# What you should do:
Your answer must be the exact lines from the one holding "Bay of Kotor (Boka) photo" through the end of the entries, with no pictures.

# Stored items:

- Opening Delimiter -

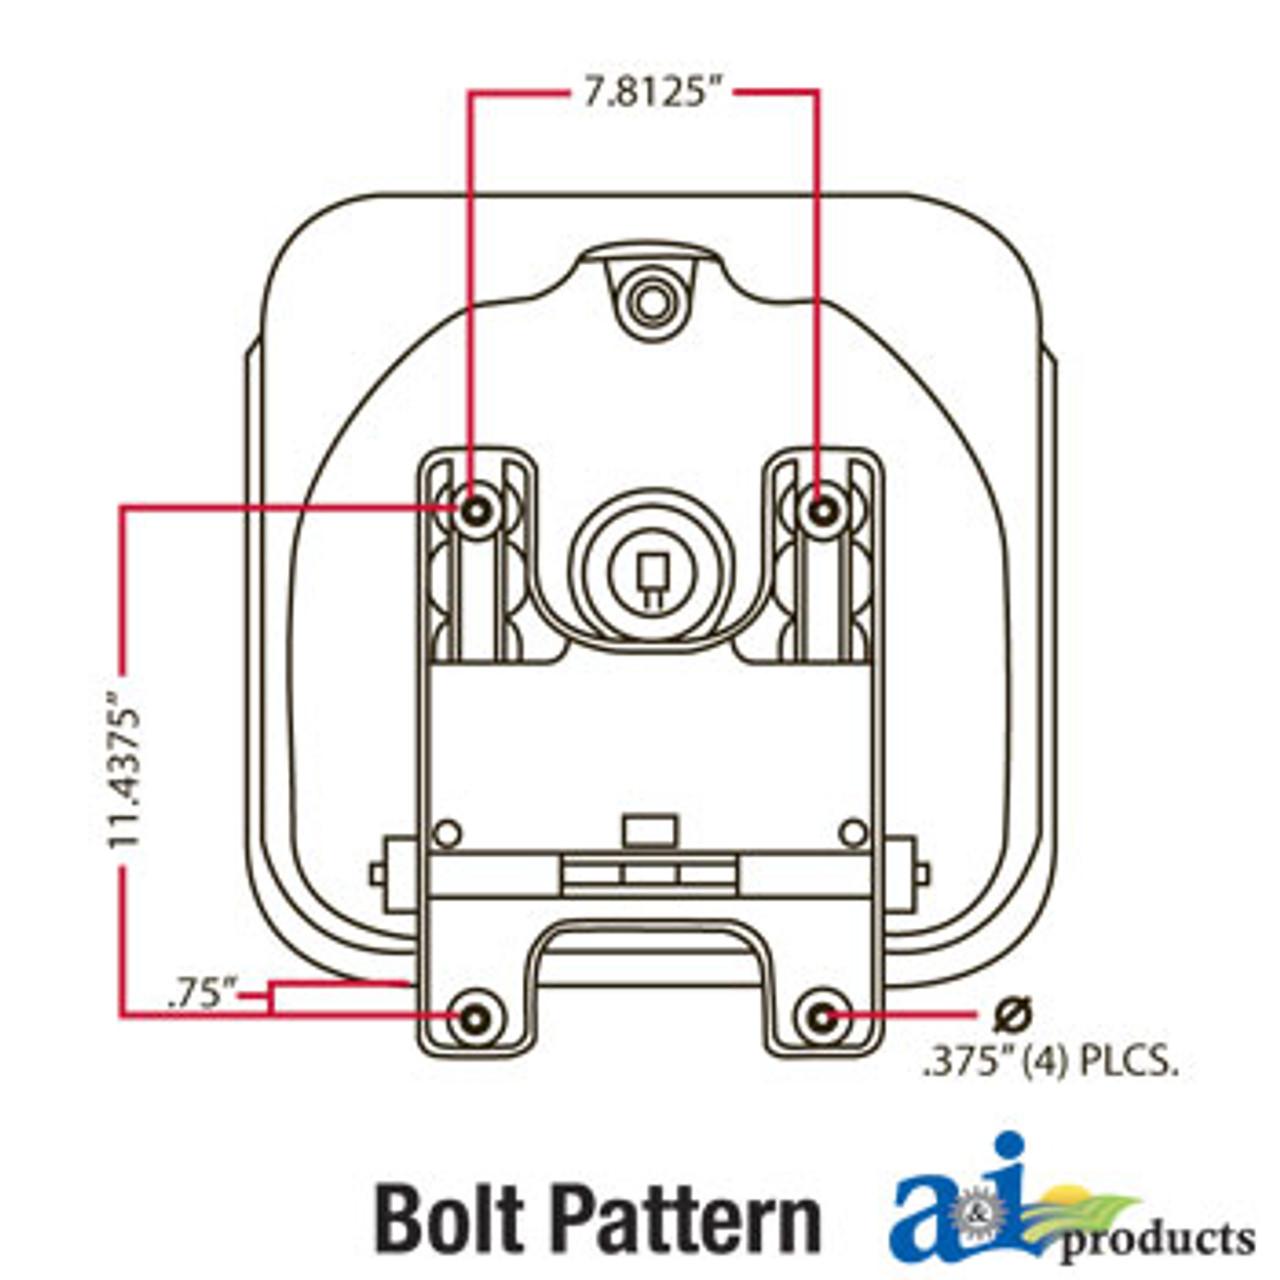 Lx277 John Deere Wiring Diagram
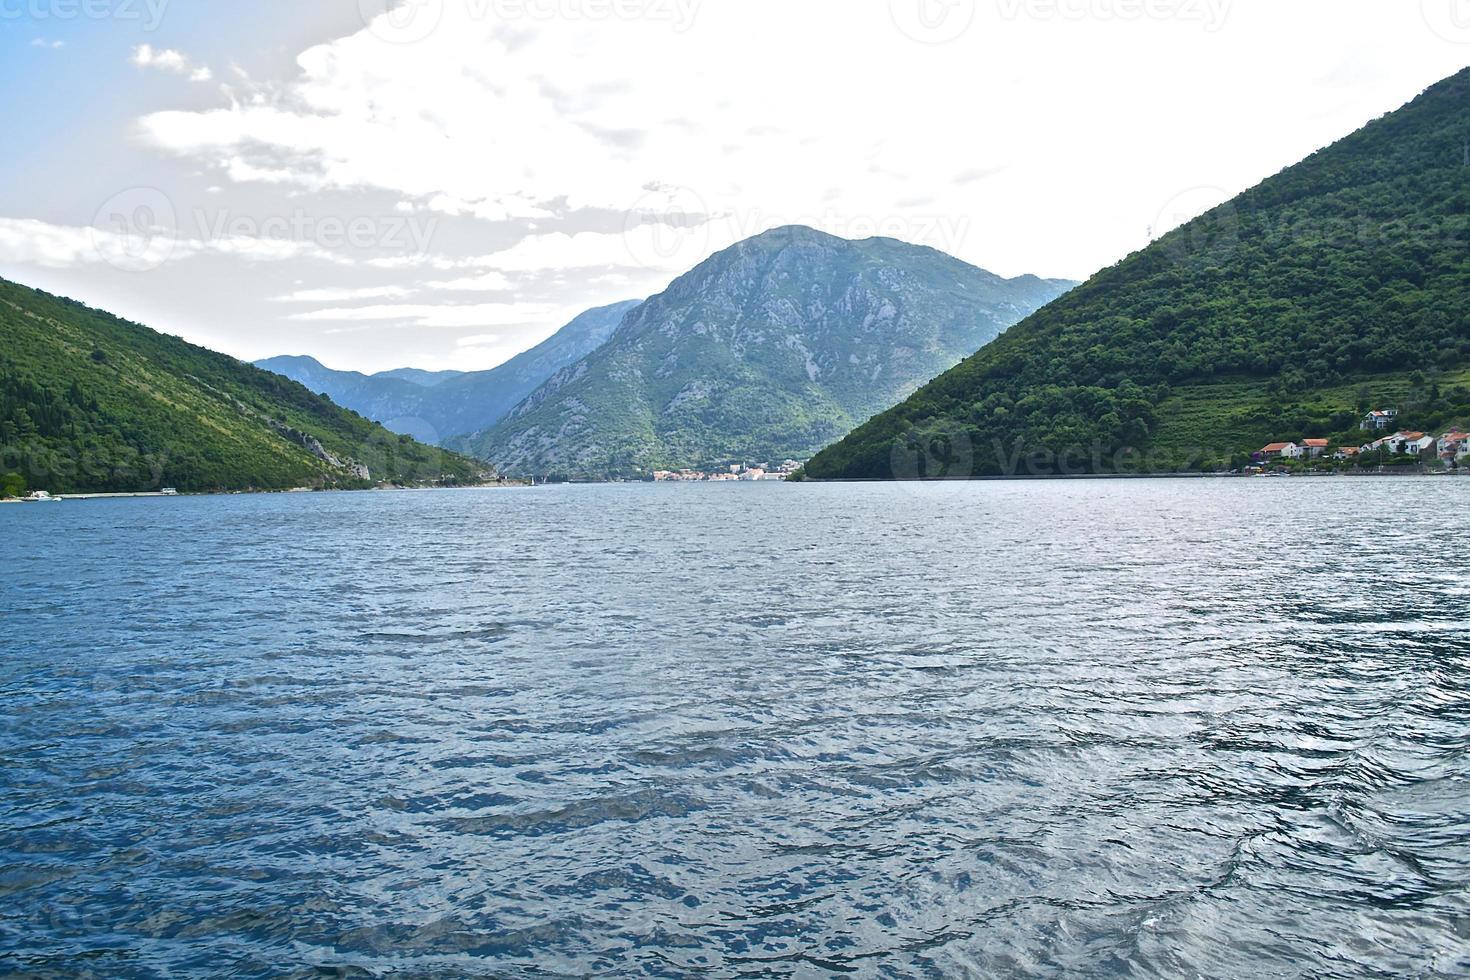 Bay of Kotor (Boka) photo
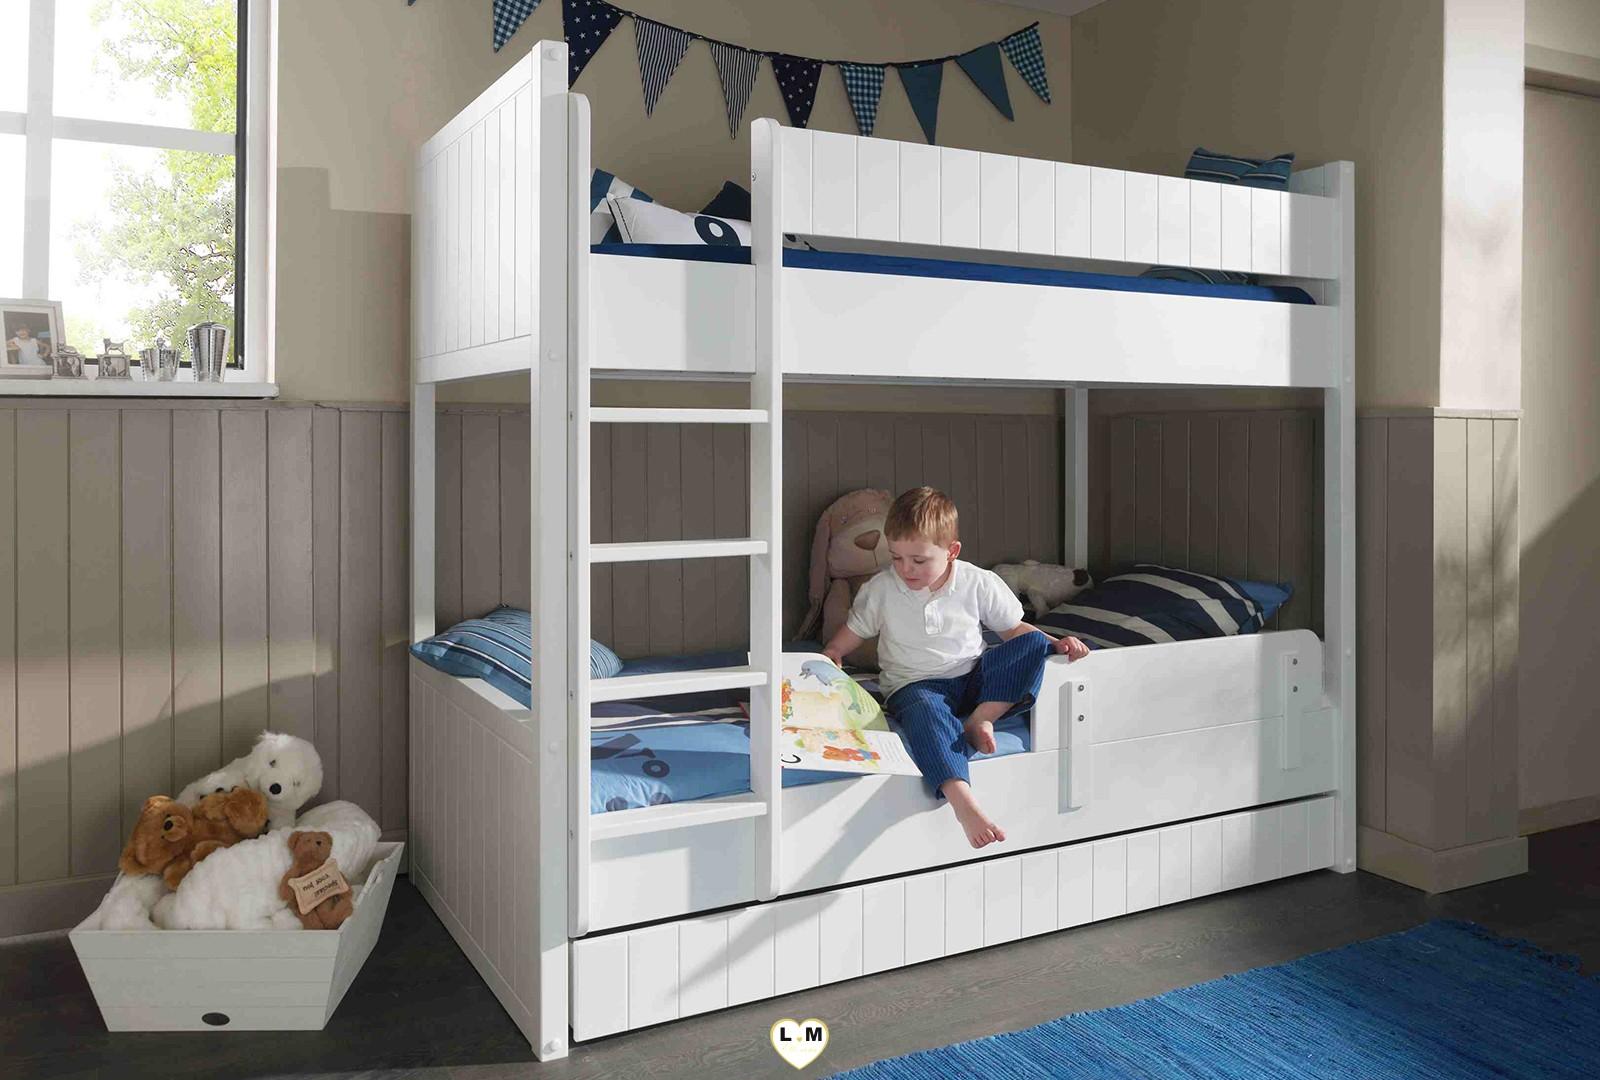 robinson chambre ado la barriere securite de lit lignemeuble com. Black Bedroom Furniture Sets. Home Design Ideas
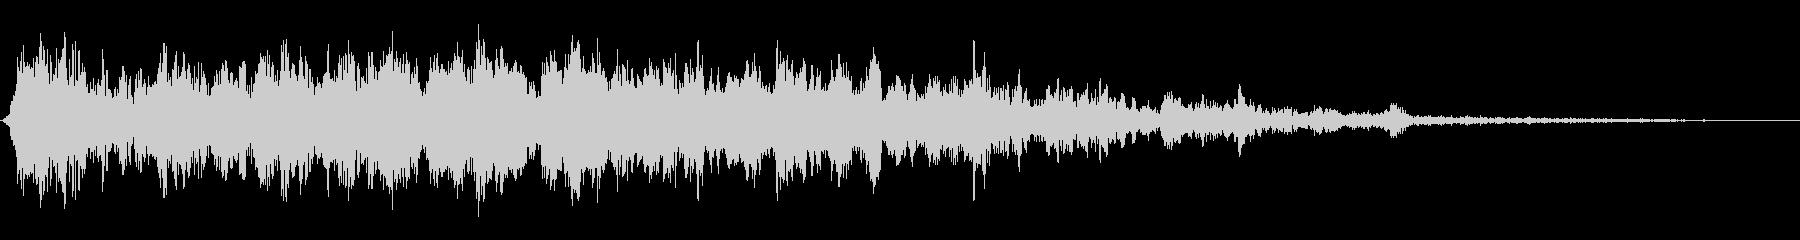 SynthVarious EC03...の未再生の波形
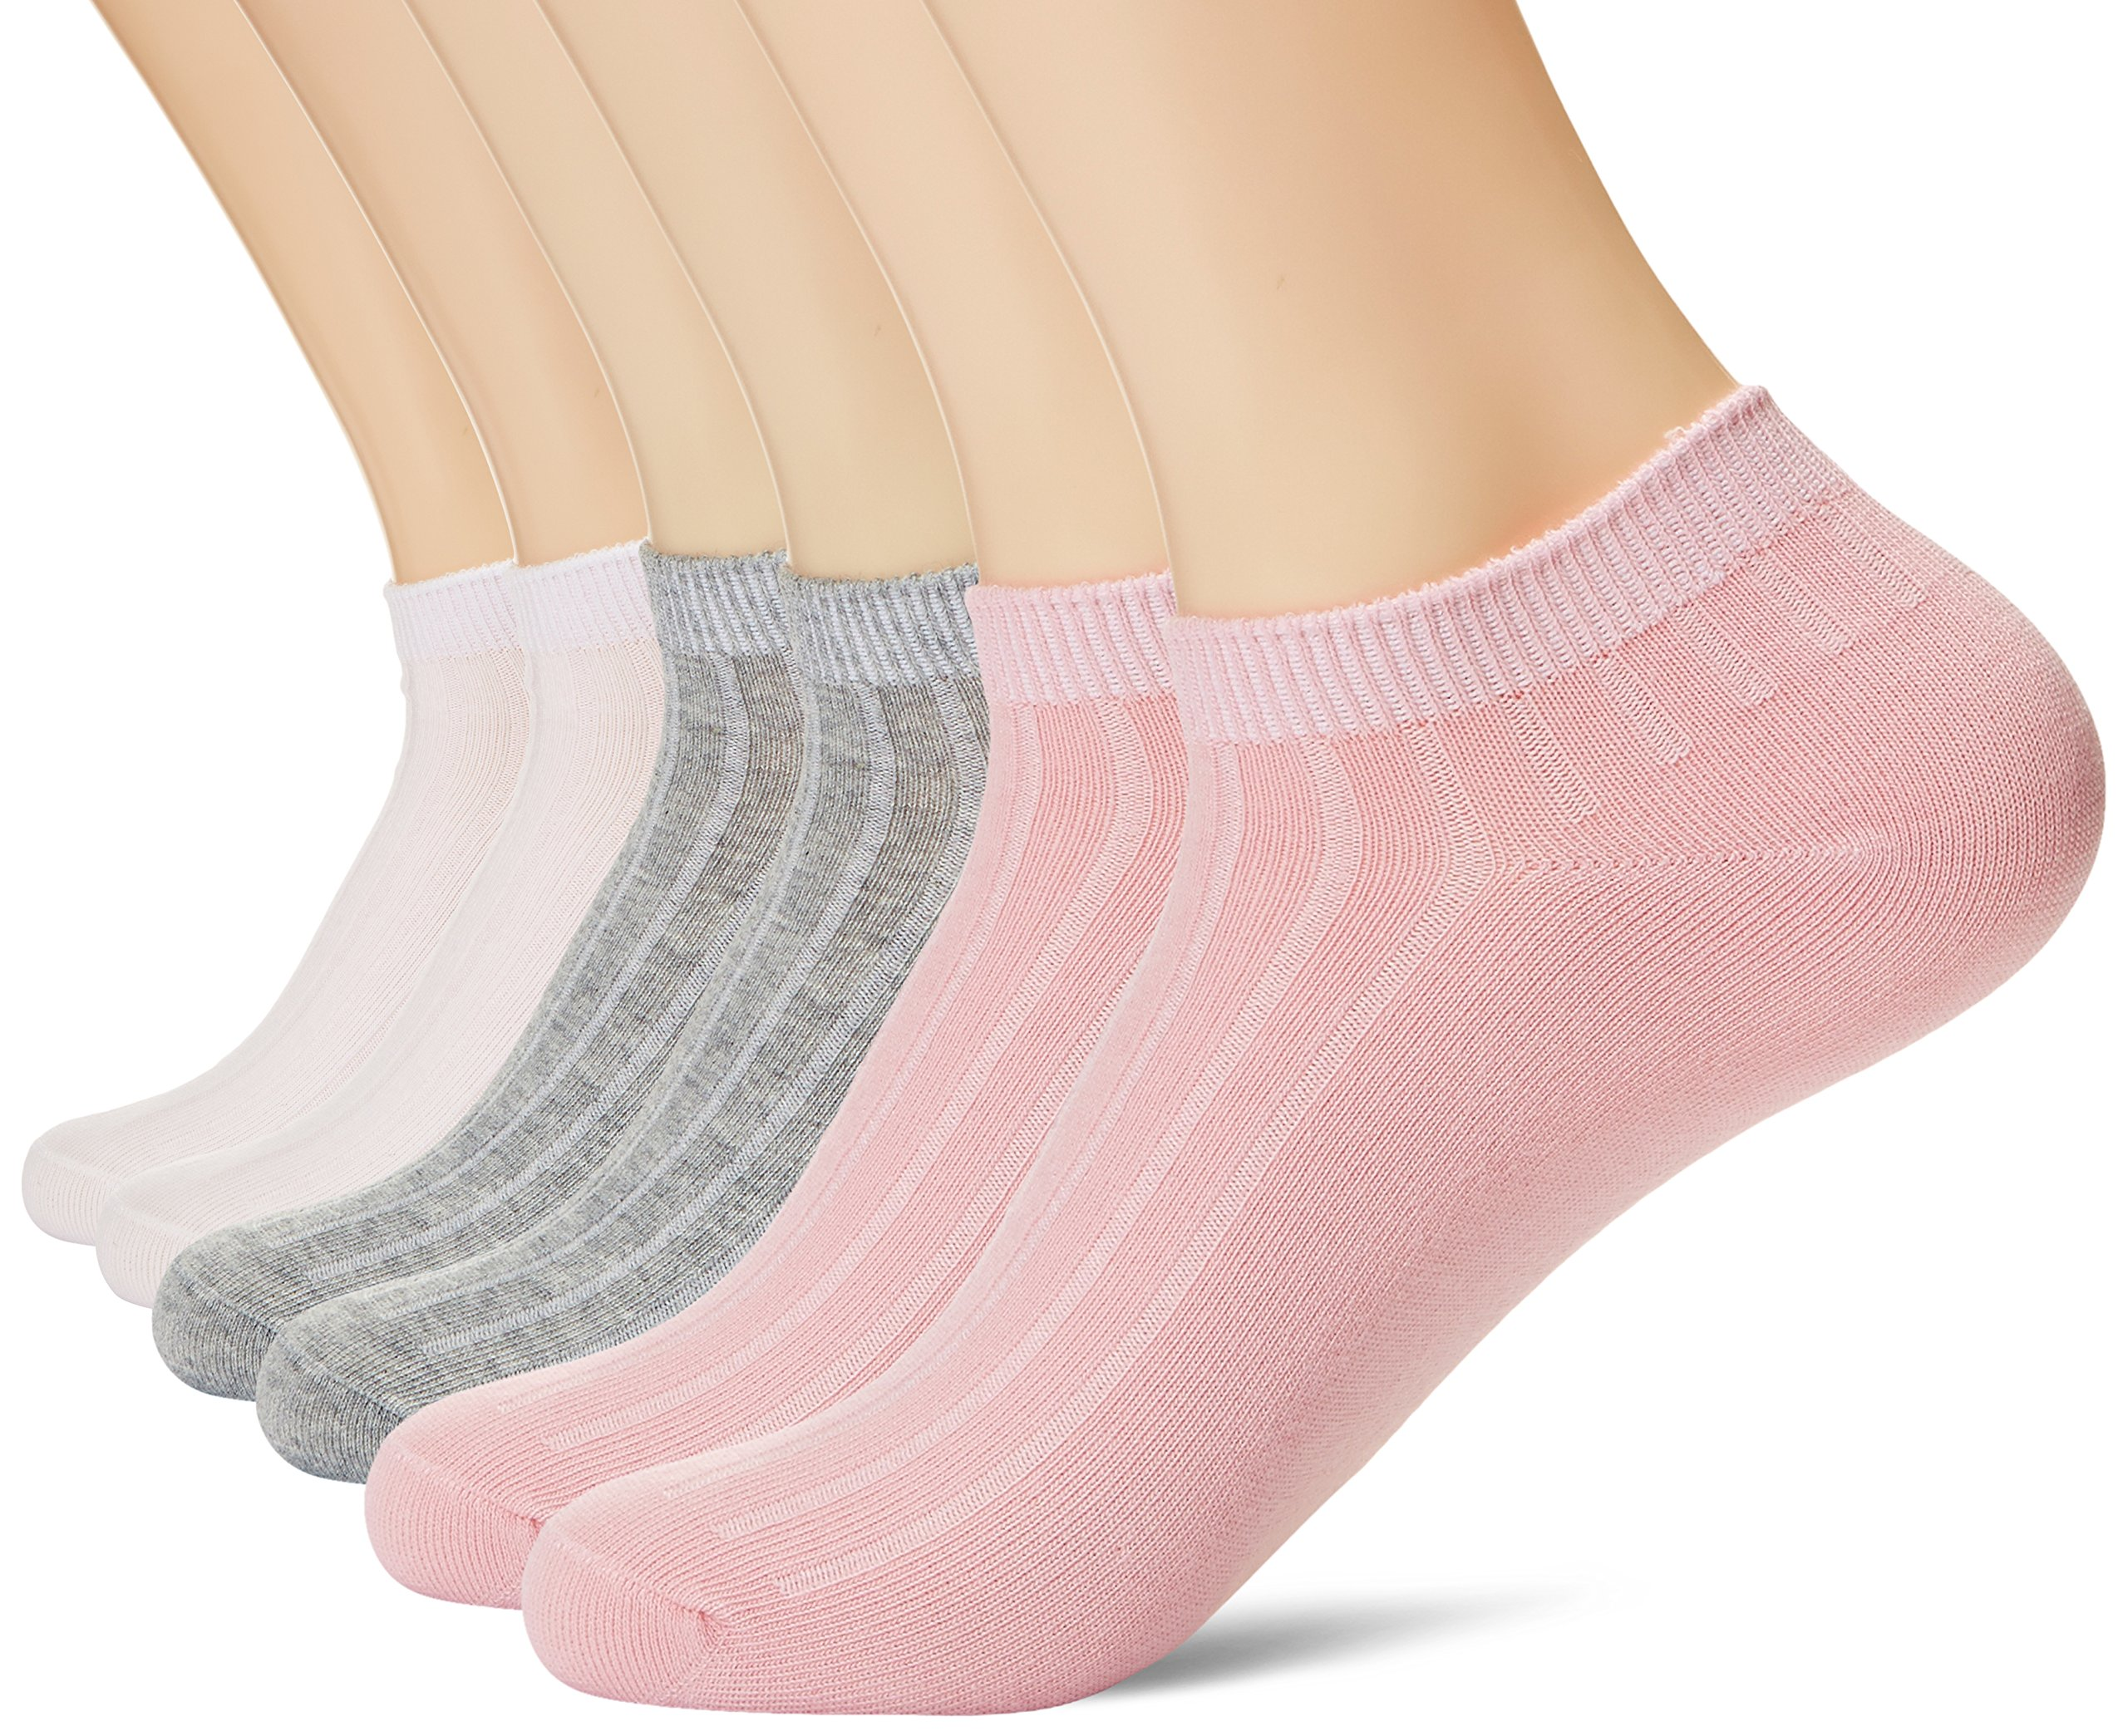 KOSY KOMFORT Womens Cotton 6-Pack Low Cut Ankle Socks Flat Boat Liner Socks FIT 6-10

- Closing Delimiter -

# Expected answer:
 Bay of Kotor (Boka) photo
 robinson chambre ado la barriere securite de lit lignemeuble com. Black Bedroom Furniture Sets. Home Design Ideas
 SynthVarious EC03...の未再生の波形
 KOSY KOMFORT Womens Cotton 6-Pack Low Cut Ankle Socks Flat Boat Liner Socks FIT 6-10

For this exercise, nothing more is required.